Vestia as calças de treino da faculdade do meu marido, o Dave — aquelas com um buraco misterioso de lixívia perto do joelho esquerdo —, a equilibrar uma caneca morna de café torrado na minha almofada de amamentação, enquanto atualizava freneticamente um site de leilões no telemóvel.

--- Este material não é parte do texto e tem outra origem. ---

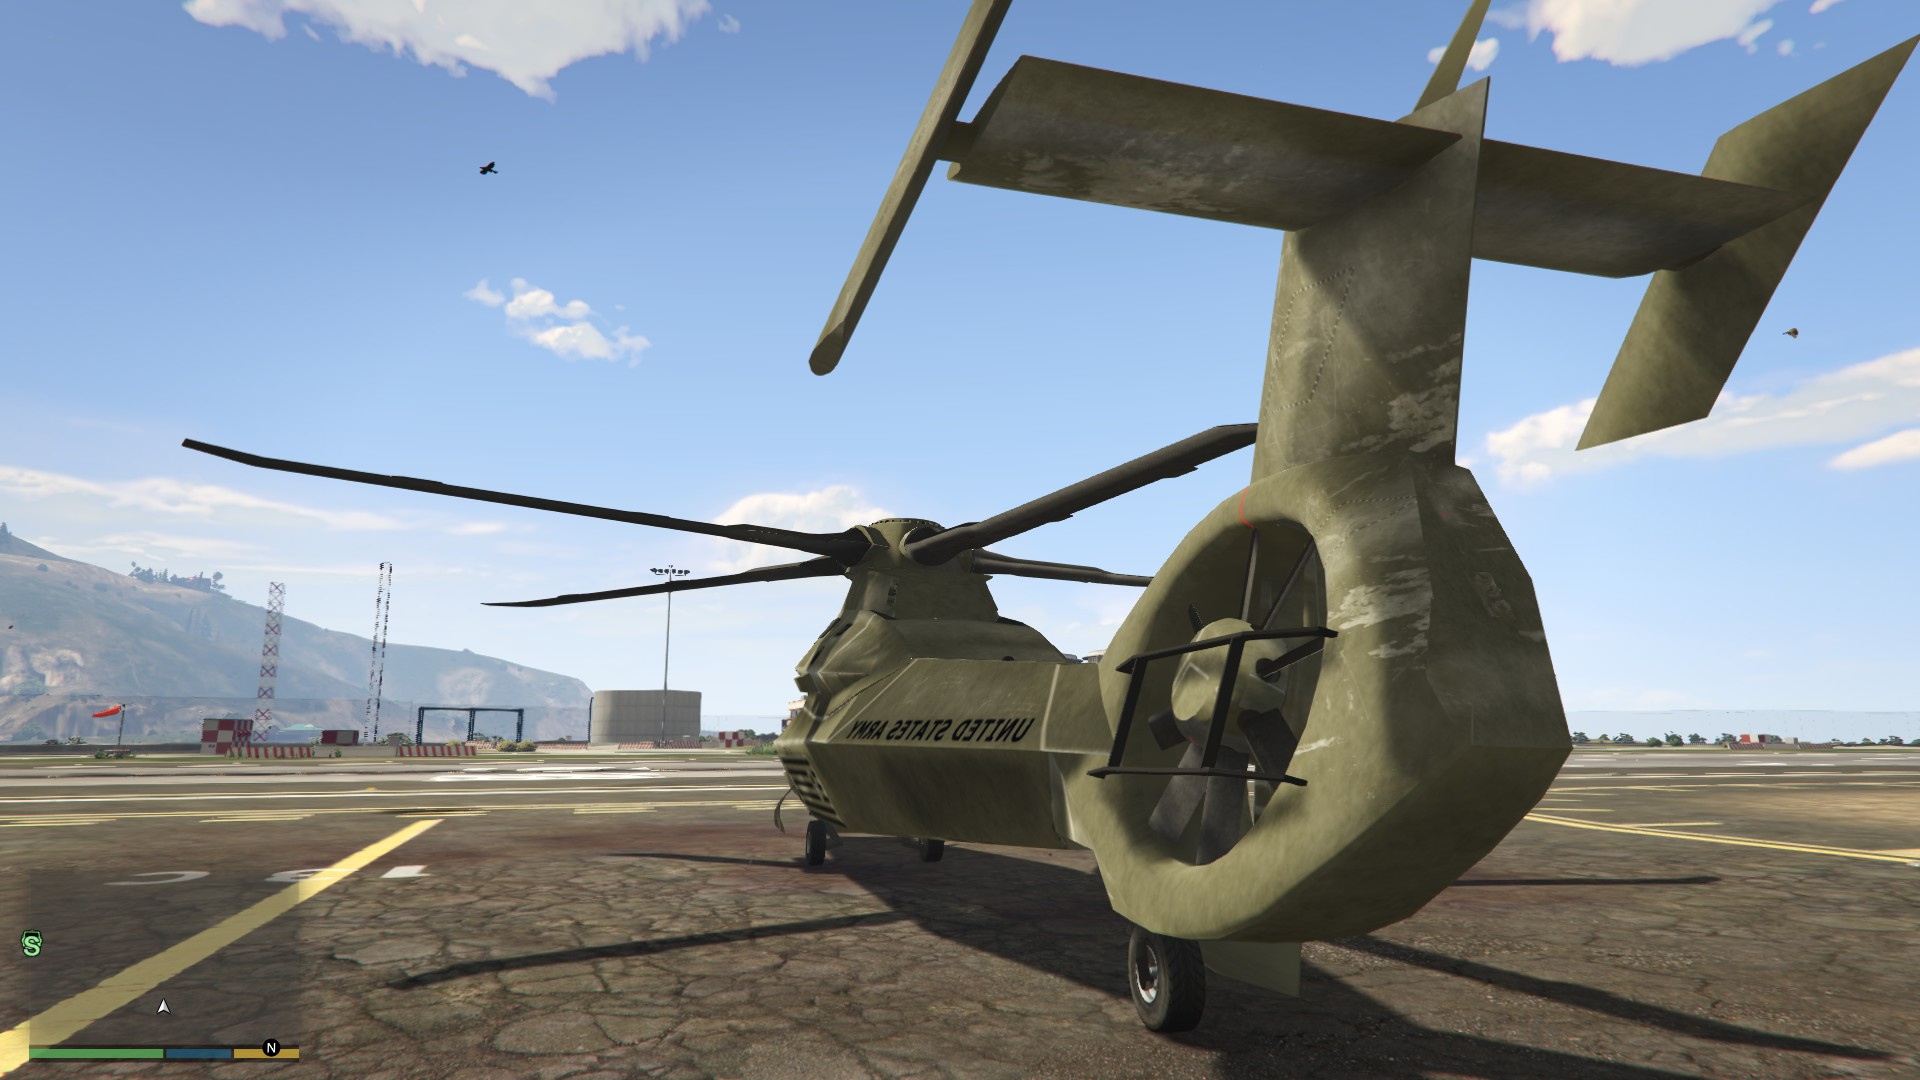 Comanche Helicopter 39670 Mediabin

A minha mama esquerda estava ligada a uma bomba da Spectra a fazer aquele som horrível e rítmico, wehh-wehh, e eu estava embrenhada, a níveis da Fossa das Marianas, numa espiral de nostalgia millennial.

Estava grávida de oito meses da Maya. A minha indução estava marcada para 9 de janeiro, o que significava que me tinha convencido totalmente de que ela iria nascer inevitavelmente no dia seguinte. E de que é que a minha bebé, que ainda nem tinha nascido, precisava mais do que um plano de parto sem epidural ou uma cadeirinha de carro funcional? Um peluche Ty vintage com a sua data de nascimento exata. Obviamente.

Os meus polegares até tremiam da insónia da gravidez enquanto escrevia furiosamente "peluche gorro bebe 10 jan" na barra de pesquisa, com gralhas e tudo, desesperada por descobrir quais os pequenos animais de peluche que partilhavam o seu hipotético dia de anos. Acontece que há toda uma coleção. Temos o Groovy the Bear, que é uma espécie de urso tie-dye de cores ofuscantes. O Fitz the Dog, um Setter Irlandês de orelhas descaídas. A Gretel the Gingerbread Girl, o que é super estranho porque janeiro já vai muito depois do Natal. E a Portia the Dog.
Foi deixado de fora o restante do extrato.